# Made Big Decision



## unreal

Hi,

After months of thinking while the wife has been away on holiday I was in a like 99% divorce situation I told her everything about our relationship no love, no compassion, no help with each other I wanted to go my own way and she would do being from a different culture. She pleaded with me to stay together we will start again and anew. I said okay I will give you another chance to be honest I don't think things will work out but I will try? 

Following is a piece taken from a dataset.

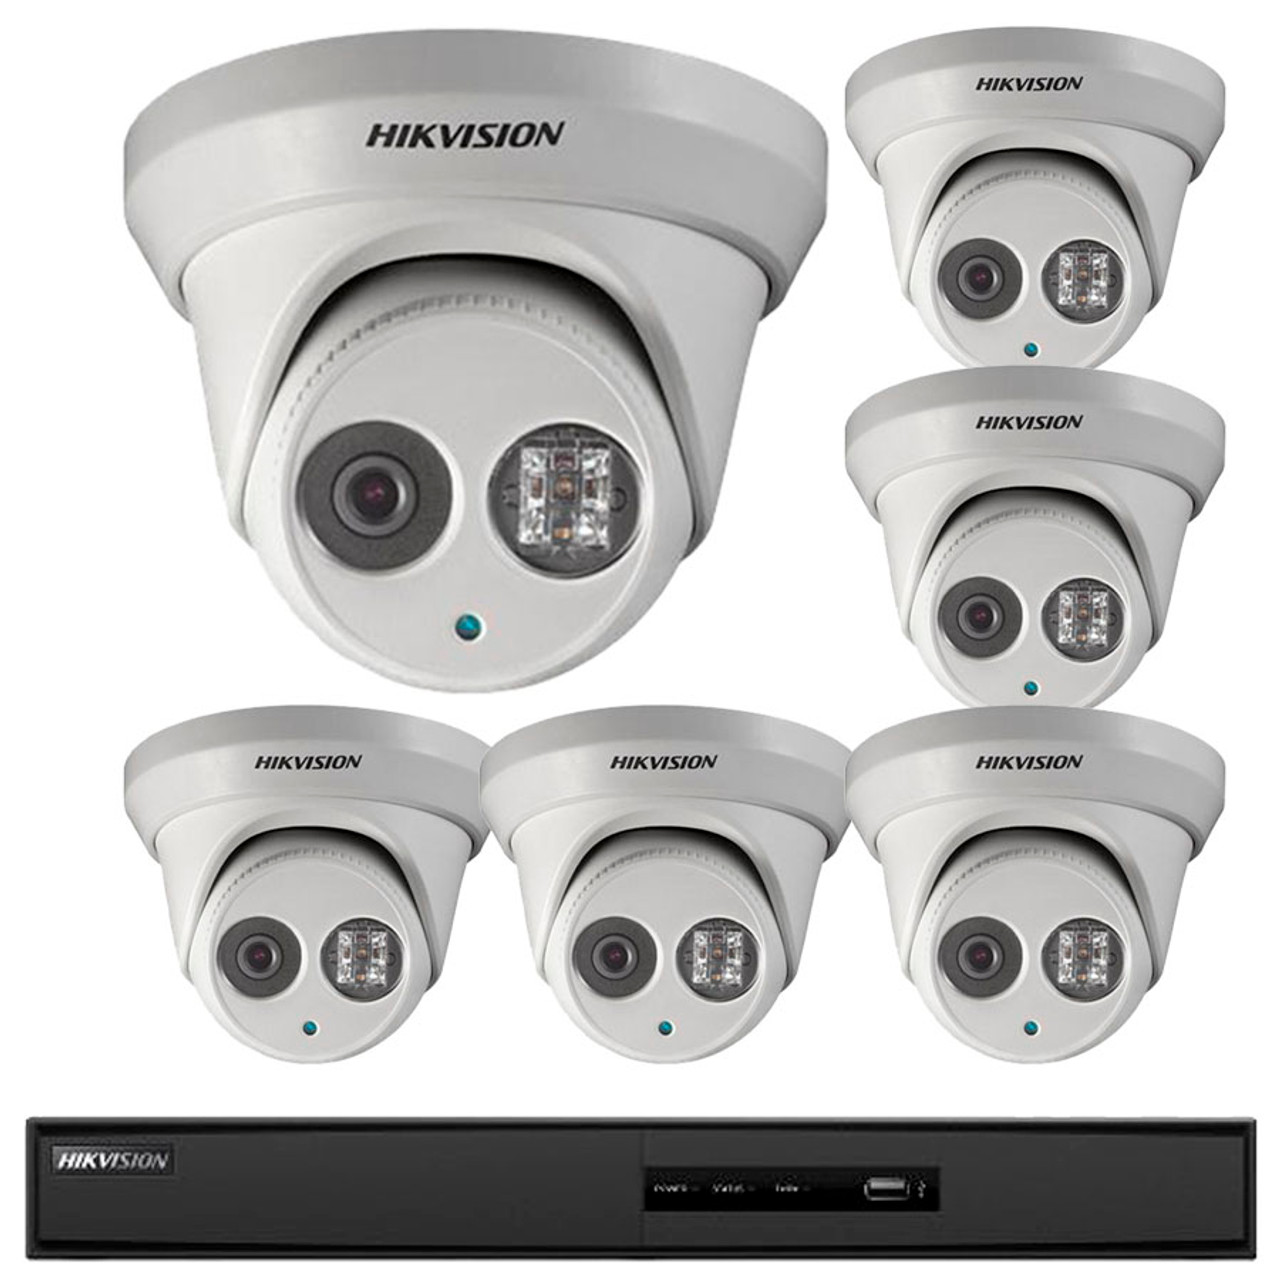 HIKVISION 1 2 3 4 Turret IP Camera Home CCTV Kit Bundle System 2MP POE 2.8-12MM 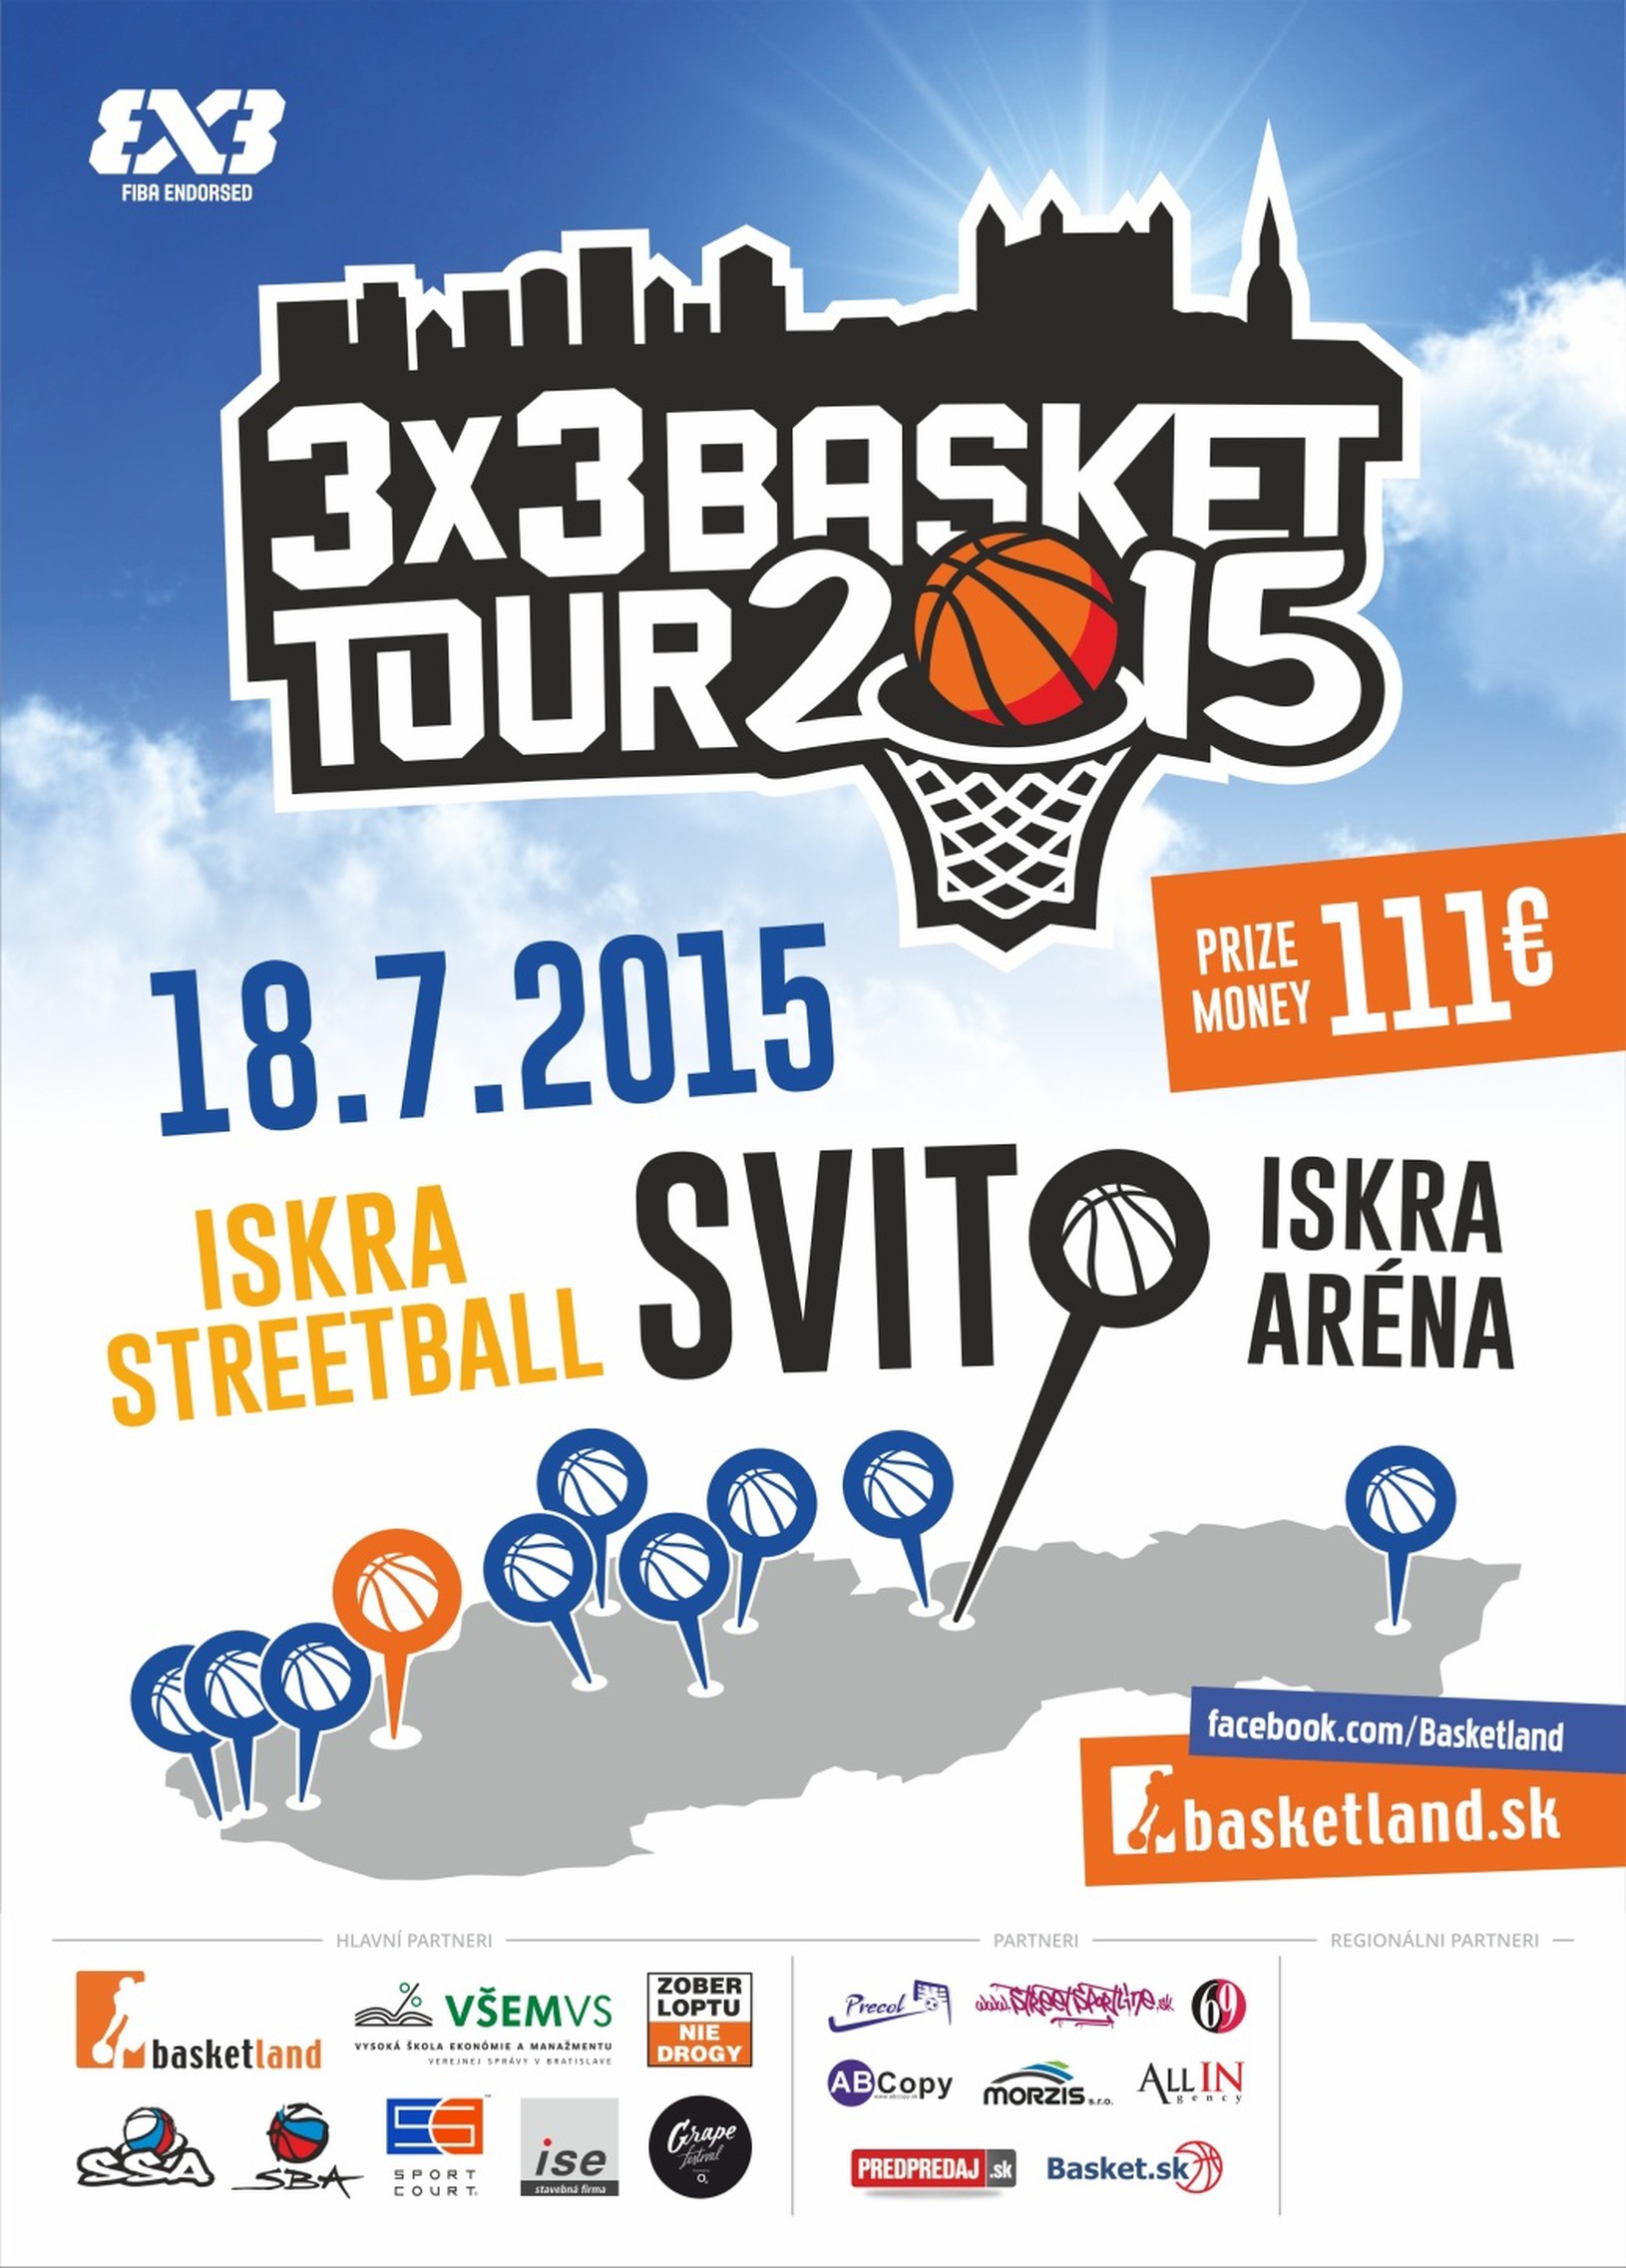 3x3 Basket Tour 2015

How much time should I give it 1 year 2? 

Thanks.


----------



## marksaysay

Maybe I'm wrong, but it doesn't sound like you are really wanting it to work. To set a time frame for things to be certain way, I think, is unreasonable and also a formula for failure. I don't know what your relationship issues are but I think if you are going to reconcile, you need to fully commit to it no matter what. I think you should do a lot of self introspection to recognize what you did to cause your marriage to be where it currently is. I know that no failed marriage is solely the responsibility of one partner. If she didn't do something you needed, maybe it was because you weren't meeting one of her needs. I'm not saying this was the case but it is an example of how things work. Read books. There are tons that are extremely helpful, i.e. His Needs, Her Needs and many more. Learn a lot about yourself. You may find that there is more that you can do. I wish you good luck.


----------



## anx

If you are considering making this work, MC is the place to figure that out.


----------



## DelinquentGurl

With that attitude it won't.
It takes both partners 100% to make or break a marriage.
I am sure not all the problems in the marriage were her fault.

MC, as well as individual counseling would be a great place to start.
Also, a positive attitude and willingness to work hard to make it work.
_Posted via Mobile Device_


----------